Less Straightforward Parts (Decision Points)
These are the points where Phase 0 surfaced genuine choices that affect the architecture. Each is tagged with a recommended door type per ADR-009. The Architect should turn the accepted recommendations into ADRs, and the deferred ones into open questions.
DP-1: Host key sourcing — vault-derived vs config-loaded vs both
(Recommended: one-way door — needs an ADR)
russh's server::Config.keys: Vec<PrivateKey> holds the SSH host keys the
server presents during key exchange. The host key is the SSH layer's analogue
of the TLS layer's network identity — it is what the SSH client verifies
against known_hosts. Three sourcing paths exist:
- (a) Vault-derived: derive an Ed25519 key from the alknet-vault seed (HD path) and use it as the SSH host key. Aligns with the project's "everything keys-from-seed" philosophy (ADR-020, ADR-026) and means the SSH host key is deterministic from the mnemonic — a node restored from mnemonic gets the same SSH host key fingerprint.
- (b) Config-loaded: operator provides SSH host key file path(s) in
StaticConfig/DynamicConfig. Matches how OpenSSH works (/etc/ssh/ssh_host_ed25519_key). Simplest, decoupled from the vault. - (c) Both: vault-derived by default, config override for operators who
bring their own keys. Mirrors the TLS identity model (ADR-027's
TlsIdentity::RawKeydefault +X509/Acmefor domain-hosted).
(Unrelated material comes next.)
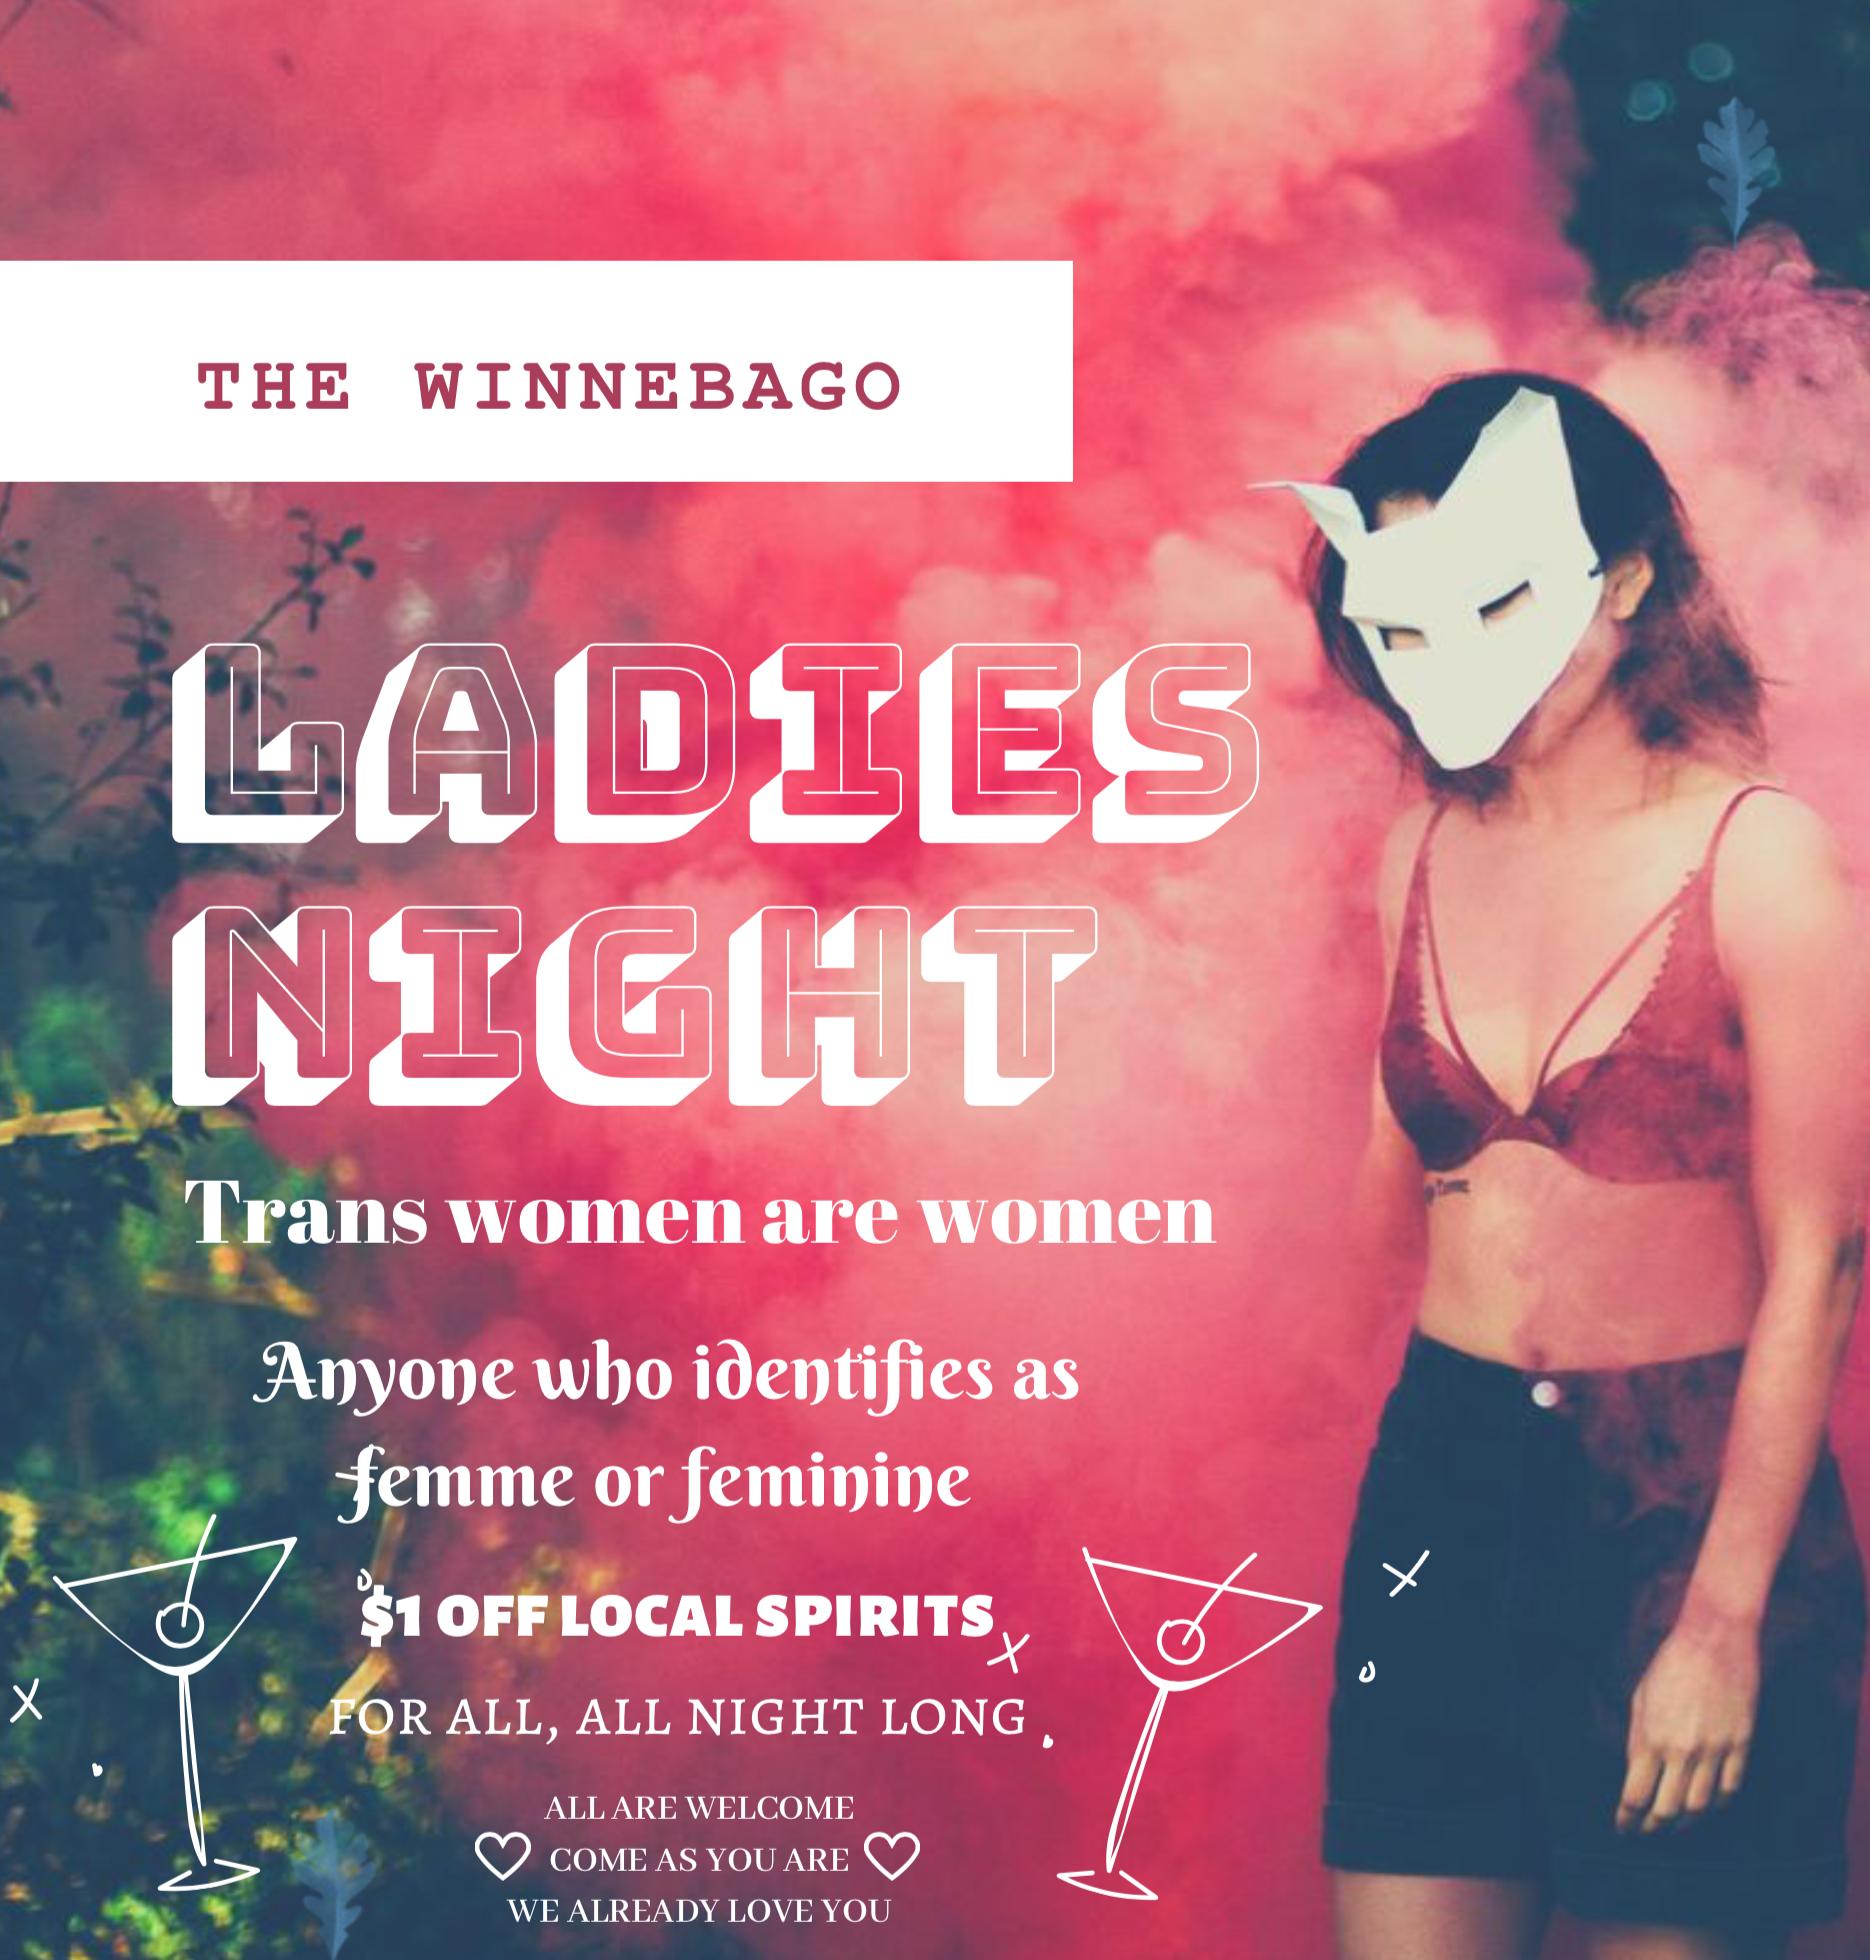 ladies-night-the-winnebago-madison-wisconsin.png

Recommendation: (c) both, with vault-derived as the default. This
matches the symmetry with TlsIdentity in endpoint.md and respects the
"fingerprint-based, keys-from-seed" identity model. The vault is local-only by
construction (ADR-025) and assembly-layer-only access (ADR-019), so the SSH host
key is derived at startup and injected into SshAdapter::Config the same way
TLS RawKey identity is. Operators who want stable host keys independent of the
mnemonic can supply a key file. Phase 1 should write an ADR for this (likely
ADR-028) and a corresponding OQ if the exact config-field shape is unresolved.
DP-2: Per-connection host key selection
(Recommended: one-way door — needs an ADR, ties to DP-1)
When supporting multiple host keys (e.g., an Ed25519 default + an RSA key for
legacy clients), russh's server::Config.keys is a Vec and russh negotiates
which to use based on the client's offered algorithms. The selection is
deterministic per-russh-version but not configurable per-connection. Question:
do we need per-peer host key selection (e.g., present different host keys to
different peer networks)? Almost certainly no for v1 — one host key set per
node, advertised uniformly. Phase 1 should record this as the simple model and
leave per-connection selection as a future two-way-door if a use case arises.
DP-3: Crypto backend — aws-lc-rs (default) vs ring
(Recommended: two-way door — decide at implementation time, but pin the choice in an ADR if it has cross-crate consequences)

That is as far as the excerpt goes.